DataFed icon indicating copy to clipboard operation
DataFed copied to clipboard

[DAPS-1395] Address Memory Leaks in Core Server

Open JoshuaSBrown opened this issue 8 months ago • 5 comments

PR Description

This PR addresses several memory bugs discovered in the common library and the core server. Though the source code coverage is not exhaustive, it should significantly reduce the need to restart the core server. The main source of error and of bugs is related first to the absence of virtual destructors in derived classes that contain unique_ptrs. By not including them, the base destructor was being called which was failing to cleanup the memory. In addition, cleanup of the ZeroMQ context was addressed. A special note, the ZeroMQ context should be the same when using INPROC and otherwise it is better if it is different for TCP connections to avoid thread contention.

Tasks

  • [x] - A description of the PR has been provided, and a diagram included if it is a new feature.
  • [x] - Formatter has been run
  • [ ] - CHANGELOG comment has been added
  • [x] - Labels have been assigned to the pr
  • [x] - A reviwer has been added
  • [x] - A user has been assigned to work on the pr
  • [ ] - If new feature a unit test has been added

Summary by Sourcery

Address memory leaks in the core server and common library by enforcing virtual destructors and scoped ZeroMQ context management, while enhancing the test suite with Protobuf teardown and enabling valgrind-based memory tests via new CMake options.

New Features:

  • Add ENABLE_MEMORY_TESTS option and integrate valgrind-based memory tests in CMake

Bug Fixes:

  • Fix memory leaks by adding virtual destructors to key interfaces and classes
  • Ensure proper cleanup of ZeroMQ contexts to eliminate context leaks

Enhancements:

  • Introduce InprocContext for shared INPROC ZeroMQ context management with reference counting
  • Update ZeroMQCommunicator (and secure variant) and ProxyBasicZMQ to use InprocContext for context lifecycle

Build:

  • Add CMake flags and conditional memory test targets for valgrind leak detection

Tests:

  • Add global BOOST_GLOBAL_FIXTURE for ProtobufLibrary shutdown in multiple unit tests

JoshuaSBrown avatar May 13 '25 18:05 JoshuaSBrown

Reviewer's Guide

This PR refactors ZeroMQ context management by introducing an InprocContext for scheme-based creation and cleanup, adds missing virtual destructors across core interfaces and classes to ensure proper resource release, integrates global Protobuf shutdown fixtures in unit tests to prevent library leaks, updates CMake test configurations to support optional valgrind-based memory tests, and enhances error handling during ZeroMQ socket initialization.

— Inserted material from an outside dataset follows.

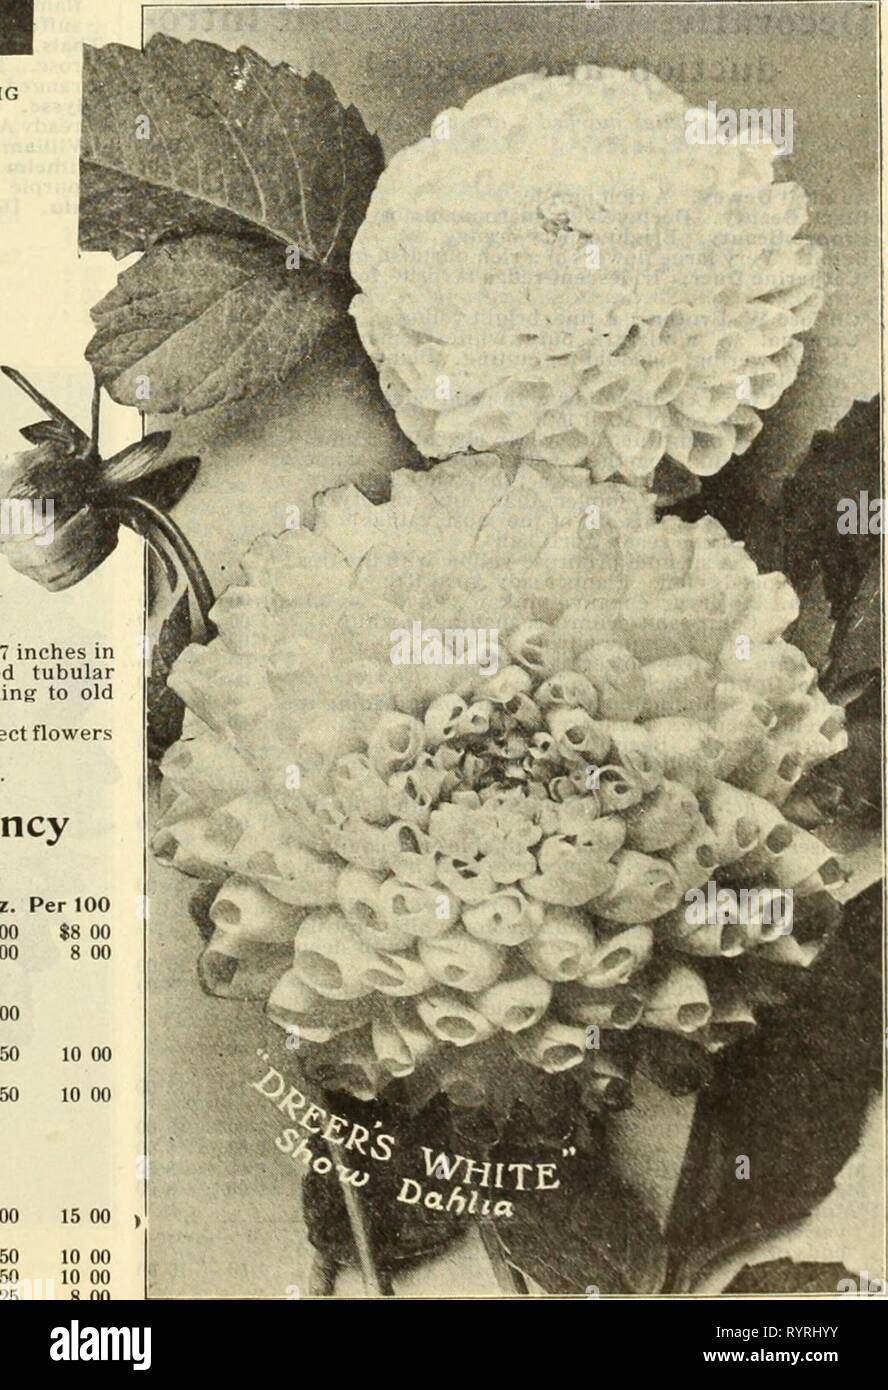 Dreer's wholesale price list of Dreer's wholesale price list of seeds plants and bulbs for florists : fertilizers, insecticides, tools and sundries . dreerswholesalep1912henr 1 Year: 1912  Double Show and Fancy Dahlias—Continued. Per doz. Per 100 Frank Smith. Intense maroon ; each petal tipped »white tl 50 $10 00 dettysburg. Large, bright, rich scarlet ..... l 50 10 00 *Orand Duke Alexis. Large, massive flowers, ivory- white, with a faint tinge of rose at the extremities of the petals 1 50 Hero. Aniline-red of fine shape 1 50 Isis (New). Flower of immense size, orange-scarlet suffused with car Stock Photo

Sequence Diagram: ZeroMQ INPROC Context Lifecycle

sequenceDiagram
    title "Sequence Diagram: ZeroMQ INPROC Context Lifecycle"
    participant Comm as ZeroMQCommunicator
    participant InprocCtx as InprocContext

    Comm->>InprocCtx: getContext()
    activate InprocCtx
    Note over InprocCtx: Returns shared context (creates if null)
    InprocCtx-->>Comm: context_ptr
    deactivate InprocCtx

    Comm->>InprocCtx: increment()
    activate InprocCtx
    Note over InprocCtx: Increments usage counter
    InprocCtx-->>Comm: 
    deactivate InprocCtx

    Note over Comm: Communicator operates...

    Comm->>InprocCtx: decrement()
    activate InprocCtx
    Note over InprocCtx: Decrements usage counter
    InprocCtx-->>Comm: 
    deactivate InprocCtx

    Comm->>InprocCtx: get() (to check counter)
    activate InprocCtx
    InprocCtx-->>Comm: current_counter_value
    deactivate InprocCtx

    alt if counter == 0
        Comm->>InprocCtx: resetContext()
        activate InprocCtx
        Note over InprocCtx: Terminates and nullifies shared context
        InprocCtx-->>Comm: status_code
        deactivate InprocCtx
    end

Sequence Diagram: ZeroMQ Non-INPROC Context Lifecycle

sequenceDiagram
    title "Sequence Diagram: ZeroMQ Non-INPROC Context Lifecycle"
    participant Comm as ZeroMQCommunicator
    participant ZMQ_Lib as ZeroMQ Library

    Note over Comm: Constructor for non-INPROC socket
    Comm->>ZMQ_Lib: zmq_ctx_new()
    activate ZMQ_Lib
    ZMQ_Lib-->>Comm: new_context_ptr
    deactivate ZMQ_Lib

    Note over Comm: Communicator operates with its own context...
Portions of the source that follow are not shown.